• Description of the task
Drop every picture, then transcribe the remaining data exactly.

• Given data
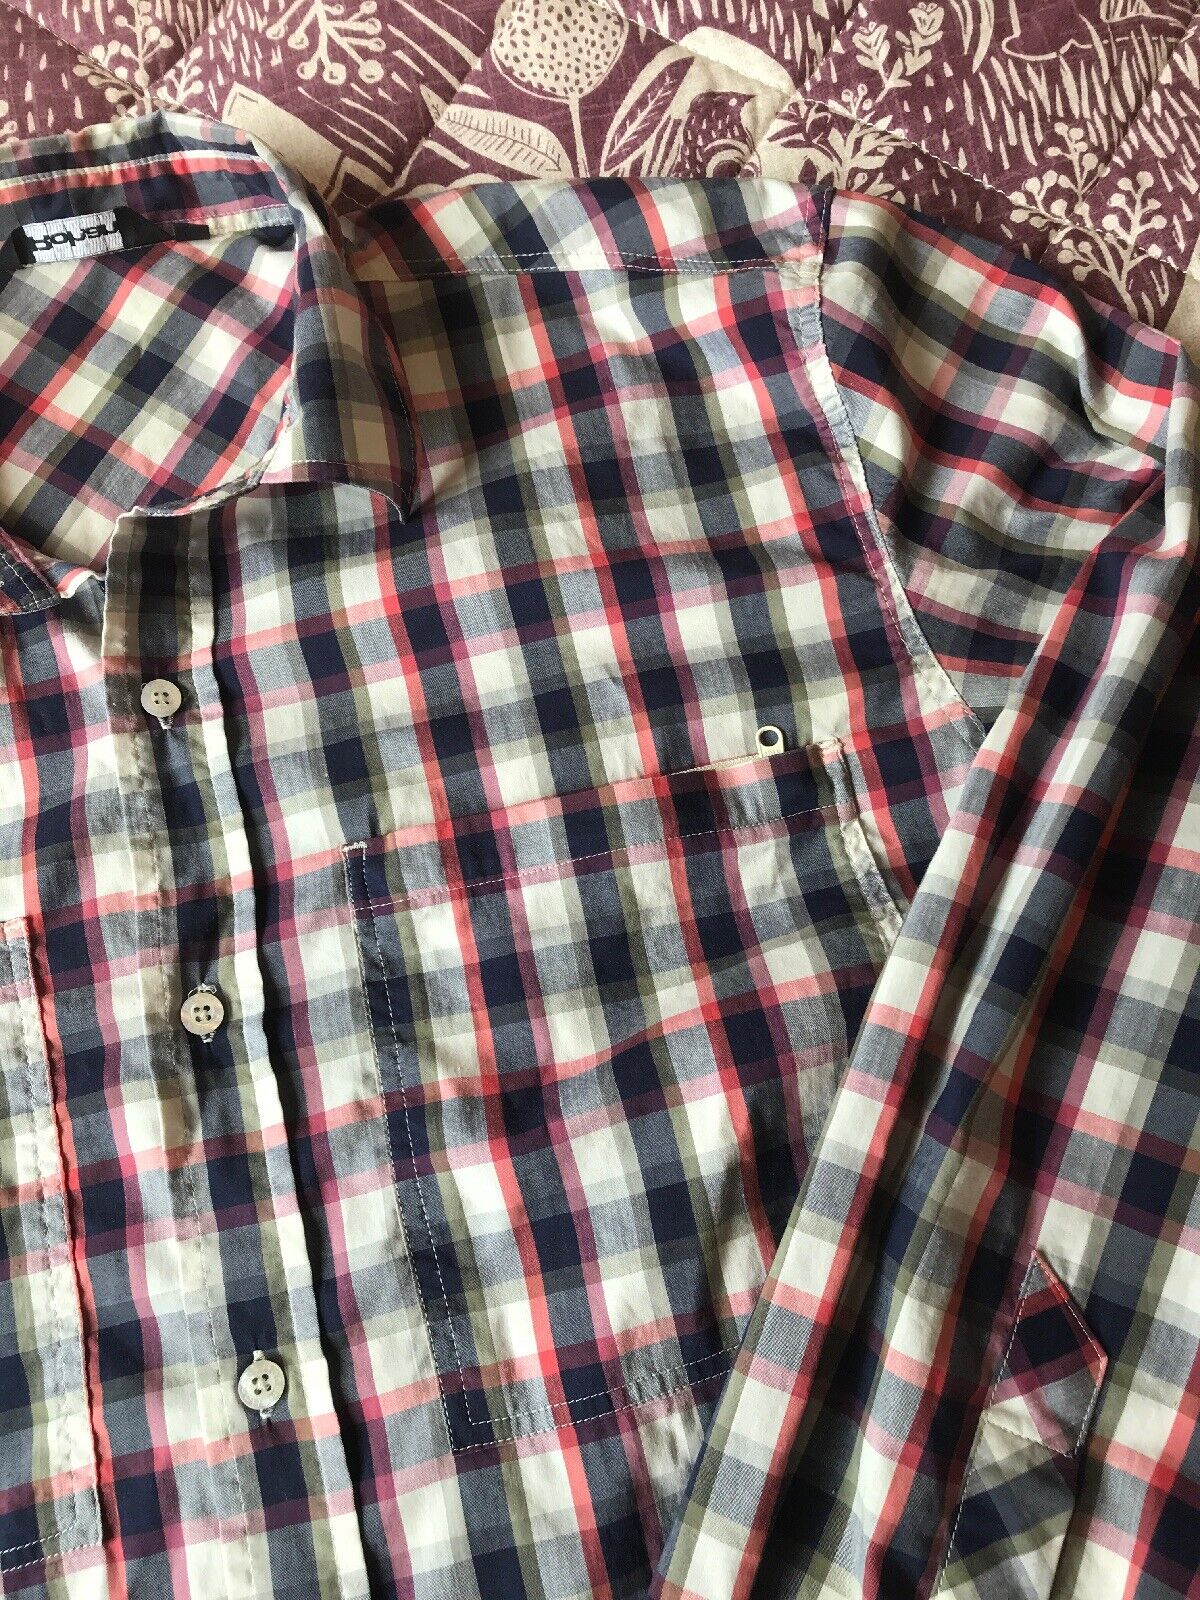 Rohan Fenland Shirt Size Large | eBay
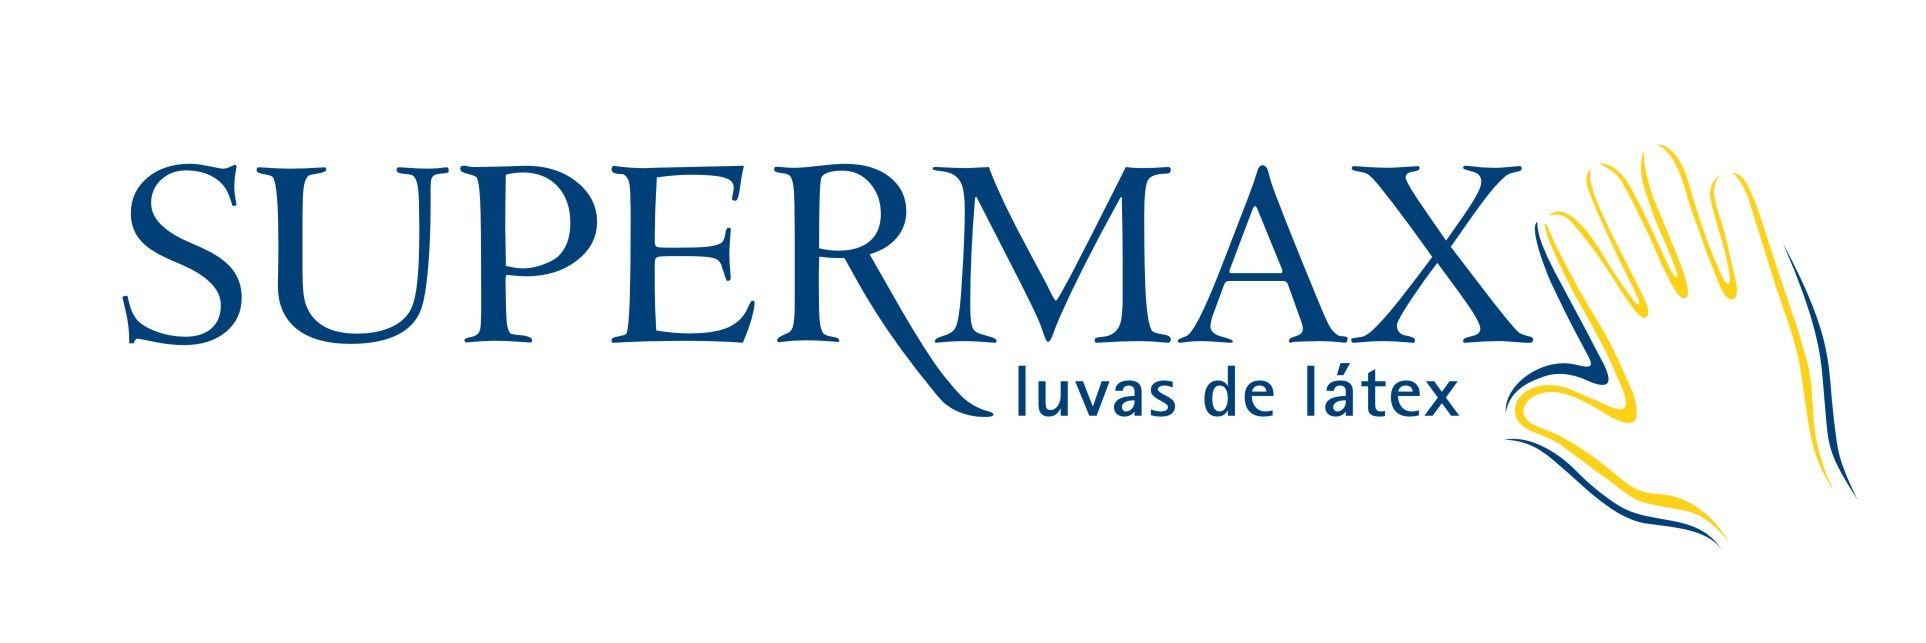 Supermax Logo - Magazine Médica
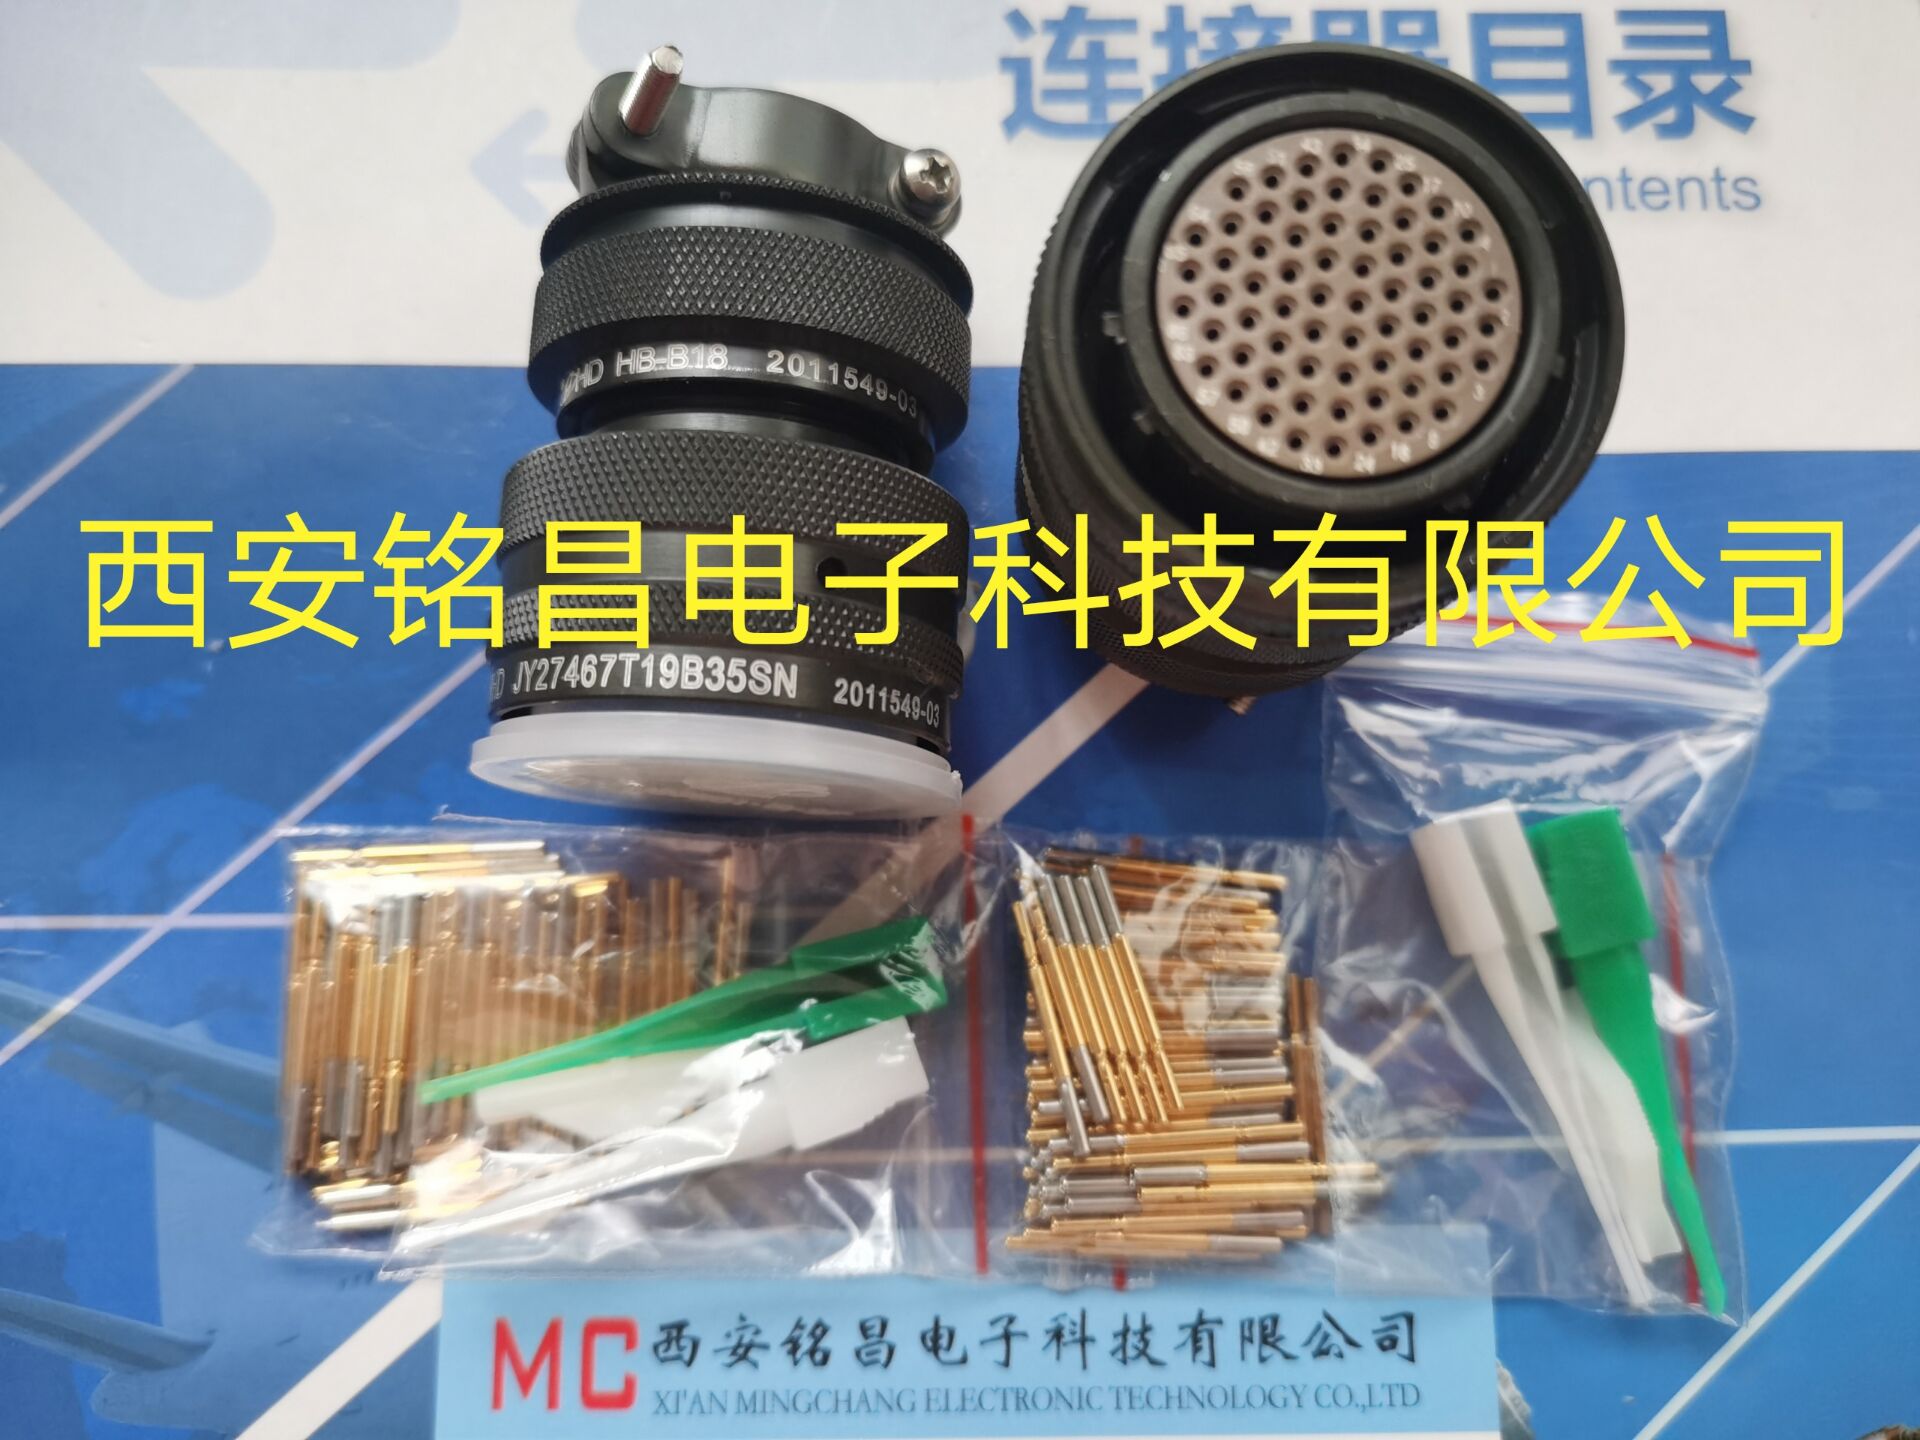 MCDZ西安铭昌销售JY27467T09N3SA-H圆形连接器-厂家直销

• Solution
 Rohan Fenland Shirt Size Large | eBay
 Supermax Logo - Magazine Médica
 MCDZ西安铭昌销售JY27467T09N3SA-H圆形连接器-厂家直销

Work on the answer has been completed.